From Canada, so keep in mind prices will look a bit high because of the conversion.
Looking for a new rig, I do a lot of graphics and audio/video editing, so that's the primary focus. Gaming is something I'd like, but not a priority.. I will play what I can on what I end up with, basically. Probably sticking to 4GB RAM off the bat and upgrade later once I earn some more money.
Important issues: want it to be quiet, like for it not to eat up too much unnecessary power.
Right now I'm about at the top end of my budget, if you have ideas of how to scale back, I'm open. Swinging between thinking this purchase is justified, and completely over the top...
I already have a DVD drive, harddrive, monitor and mouse/keyboard, so not worried about those for now.
Probably ordering online from newegg or ncix.. or picking up parts locally to save on shipping.
issues: want to make sure to have a fairly spacious case that is quite quiet, but don't care about flashiness or portability. not sure best route for RAM or what difference the speed will make. Right now I'm going a bit more expensive in order to theoretically support SATA 6GB/s in the future.. Is that reasonable or foolish? I intend to not upgrade again for 5-6 years so I want to support upcoming technologies already. Is it worth paying $20 bucks more for eSATA or IEEE? I'm not big into any of those things right now. I'm thinking not.

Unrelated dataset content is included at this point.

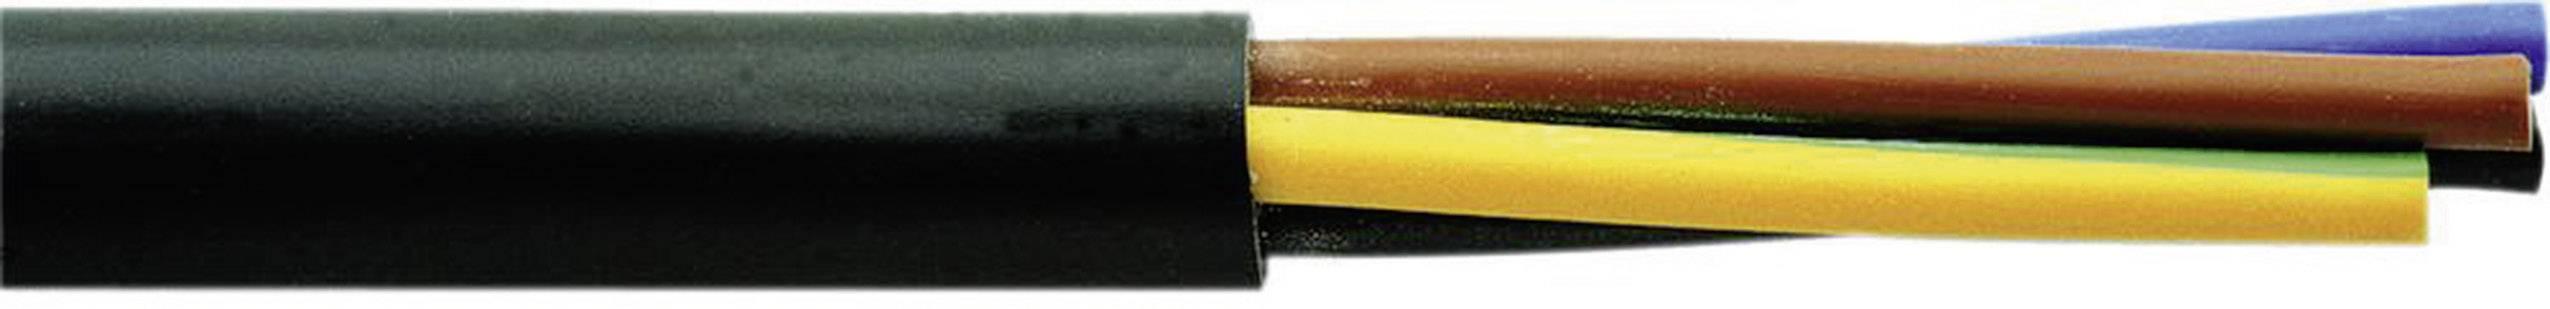 Vícežílový kabel Faber Kabel H05RR-F, 050024, 3 G 1 mm², černá, metrové zboží
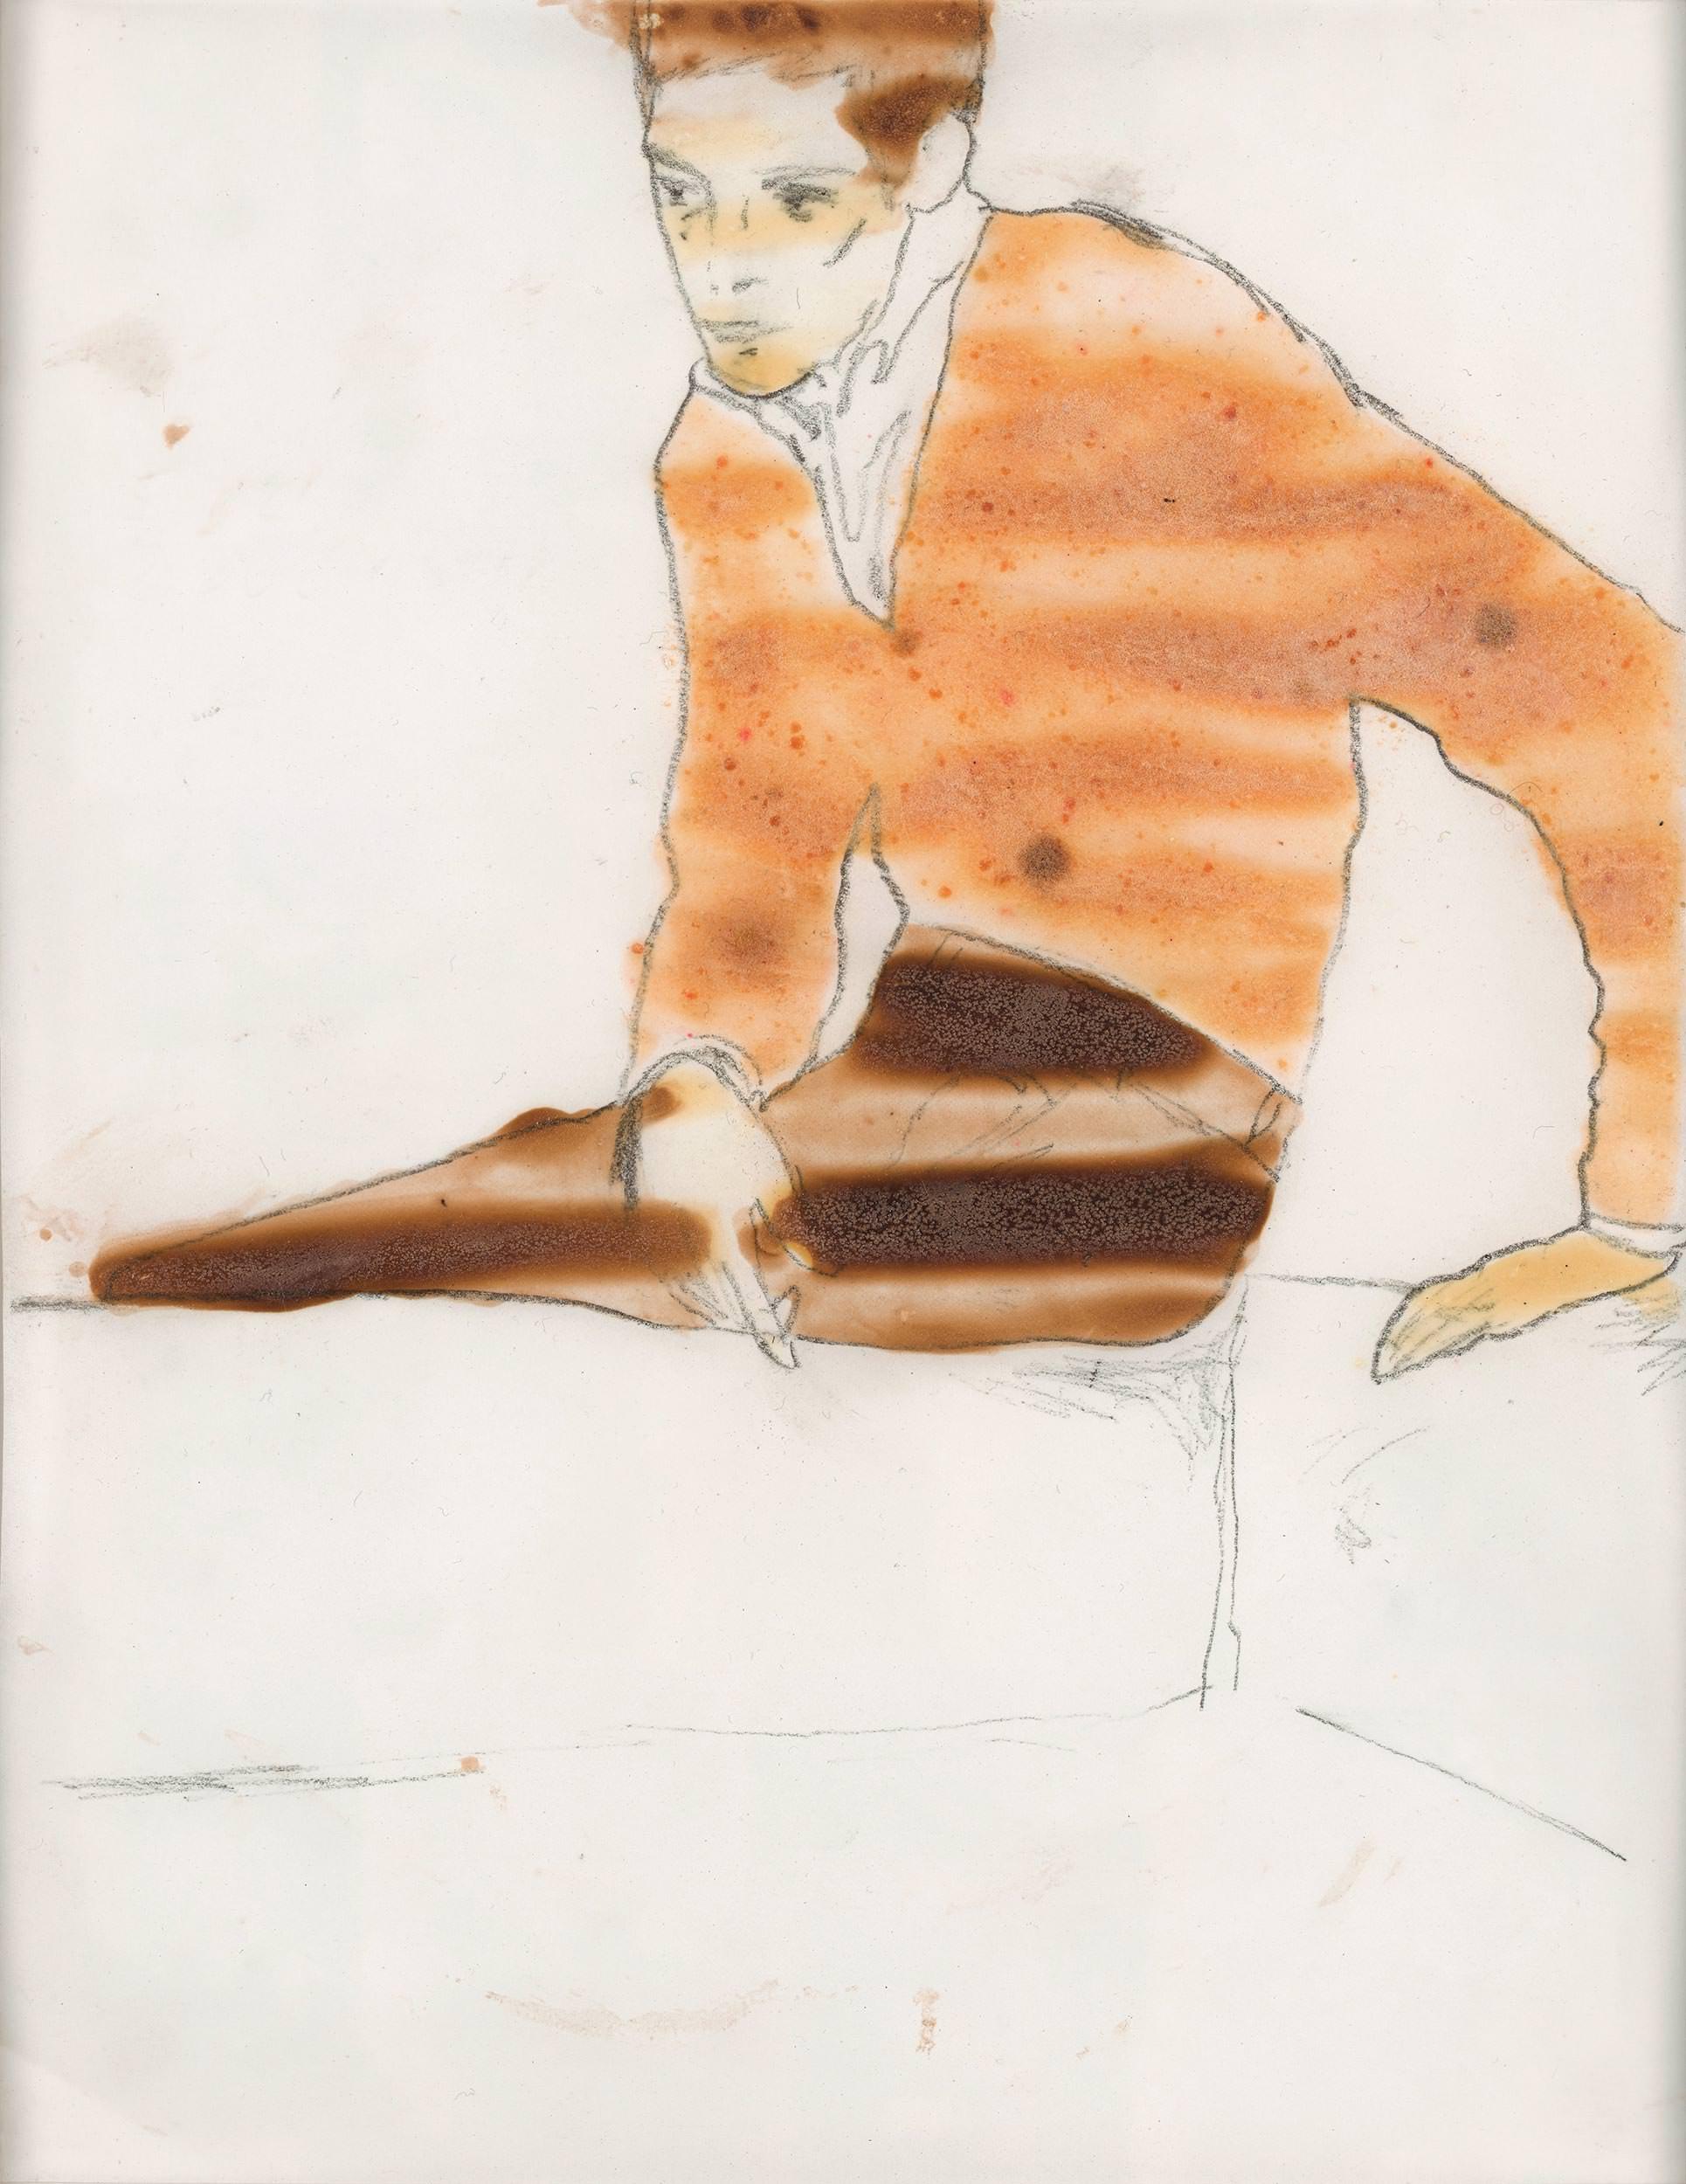 Image of Hernan Bas, Slim Fast Silhouette, 1990-2000

I'm also considering whether this is a worthy use of money since it is pretty high end. What kind of difference do you think I'd see in heavy Photoshop etc use if I slid down several notches to something less expensive..?
I'm not sure of which exact programs you're using or how much hardcore calculating you'll need, but generally for a non gaming workstation oriented build, you want CUDA and as many threads as you can afford.
Likewise for graphics editing, more RAM is good.
The i7-860 works, but if you're ever get into serious stuff, a 1366 platform allowing 4 way sli is a great way to drastically improve CUDA performance. Again, this is something you'll have to determine as I don't know how professionally you intend to go.
thanks a lot for the input.. i wasn't thinking of needing more than one graphics card. I'm intending to be using this professionally, but I'm mostly working on web graphics which don't get as huge as print stuff, but some of that as well.
Software wise: Photoshop, Illustrator, InDesign, After Effects/Premiere basically in that order.. (as well as like coding and wordprocessing, but that barely counts as far as computer design goes).
I've never heard of CUDA before Is it basically using unused memory on the GPU for other processing and only available with Nvidia cards? I feel like I've read that ATIs work best with Photoshops graphic acceleration, but could be insane. Is that the way to go for more graphics oriented systems?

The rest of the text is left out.